2. La vision républicaine
La nostalgie républicaine se fonde sur la critique d’une gauche caractérisée par le déclin des trois
exigences qui la fondent : l’universalisme, la justice sociale et la liberté. Mais cette conception relève d’une
vision du passée, qui exclut toute modernité : « …retour à une vision autoritaire, unitaire, exclusive, universaliste
et intensément passéiste » (P.Nora). Les auteurs ajoutent qu’elle est « exclusive, parce qu’elle édifie sa
cohérence en s’opposant à ses ennemies, ayant besoin d’adversaires pour qu’elle-même puisse incarner le tout ».
3. La civilisation post travail
L’idée proposée est le dépassement de la valeur travail comme fondement de la vie sociale. Elle appelle
à une civilisation du temps libéré et au développement d’un modèle de justice redistributive. Cependant, les
auteurs se refusent à se résoudre à l’abandon de la valeur du travail qui est utile. En revanche, ils s’attachent à
réinventer un salariat pour que le travailleur réacquiert une certaine liberté et puisse défendre ses intérêts dans
une société où la négociation est fragmentée et le corps intermédiaires déclinants.
V.
LE SENS DE LA DEMOCRATIE
1. Le réformisme
L’ambition de la réforme de la société française doit abandonner les caractéristiques du réformisme
classique : le modernisme économique s’apparentant à la problématique de la gestion doit encourager la
participation la plus large et oublier la démarche politique globale.
2. Les nouvelles méthodes du changement
Les auteurs proposent de nouvelles méthodes du changement : les réformes doivent être plus ciblées,
plus proches, plus rapides, une somme de micro-décisions s’appuyant sur des relais sociaux locaux. Le politique
doit investir dans le domaine anthropologique pour réaffirmer une identité (comme celle des chômeurs). Celui-ci
doit éviter la dérive sécuritaire et reprendre le « verbe » pour traduire les problèmes locaux.

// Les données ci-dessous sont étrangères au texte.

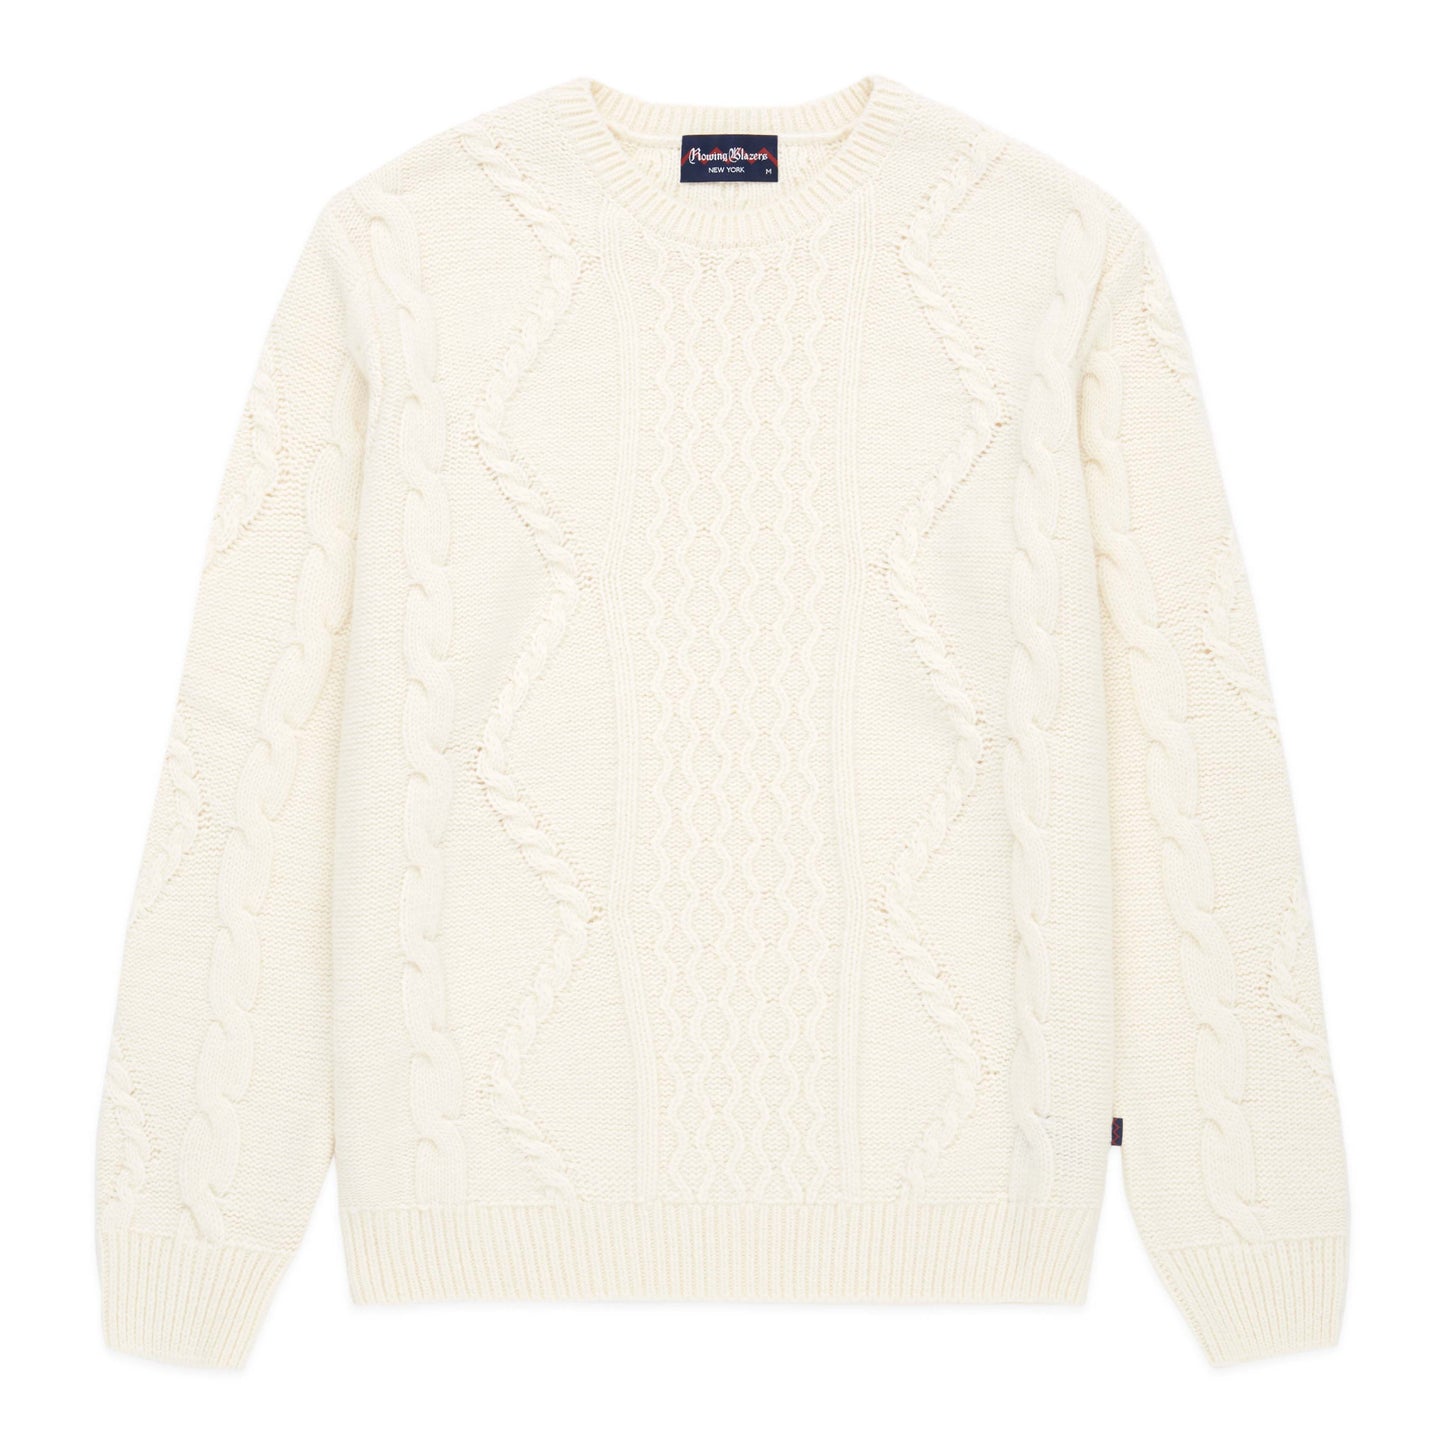 Men's Fisherman Cable Knit Sweater

3. Démocratie et cohésion sociale
Quant à la problématique de la cohésion sociale, Fitoussi et Rosanvallon défendent de nouvelles normes
juridiques et prônent le changement : la reformulation des droits pour que l’intégration ne soit pas un droit de
subsistance mais un droit à l’utilité sociale.
4. L’économie et le social
Pour que ces changements soient un succès, le politique doit repenser l’économie et le social en cessant
de les opposer. L’élément qui cristallise cet antagonisme est le système de protection sociale. Il en existe
différentes interprétations :
- comme système de stabilité économique : il permet de maintenir l’activité en période de crise (mais ce
système ne permet pas de mener une réflexion sur les raisons d’une panne de croissance durable)
- comme système de redistribution solidaire
 La tendance actuelle est l’individualisme où les avantages acquis sont défendus et stigmatise les inégalités. Le
service public semble être la seule issue possible : par le développement de la politique d’égalités des chances et
d’égalisation des dotations initiales en terme de logement, d’éducation, de crédits, transport…un nouveau service
public devrait permettre une réduction des inégalités.
Ceci est un « combat » primordial puisque « l’égalité des chances est consubstantiel de la démocratie ».
ACTUALITE DE L’ŒUVRE
L’idée du politique en panne et la résignation du politique dans ses actions :
Si les 35 heures et les emplois jeunes ont plus ou moins créé des emplois, selon la justification qu’on donne à ces
postes, force est de constater qu’on fractionne le volume d’emploi existant plutôt que de lui donner une nouvelle
dynamique, et on s’en remet à la chose publique pour créer des emplois en réponse à l’absence de mesures
efficaces et durables émanant de cette même entité.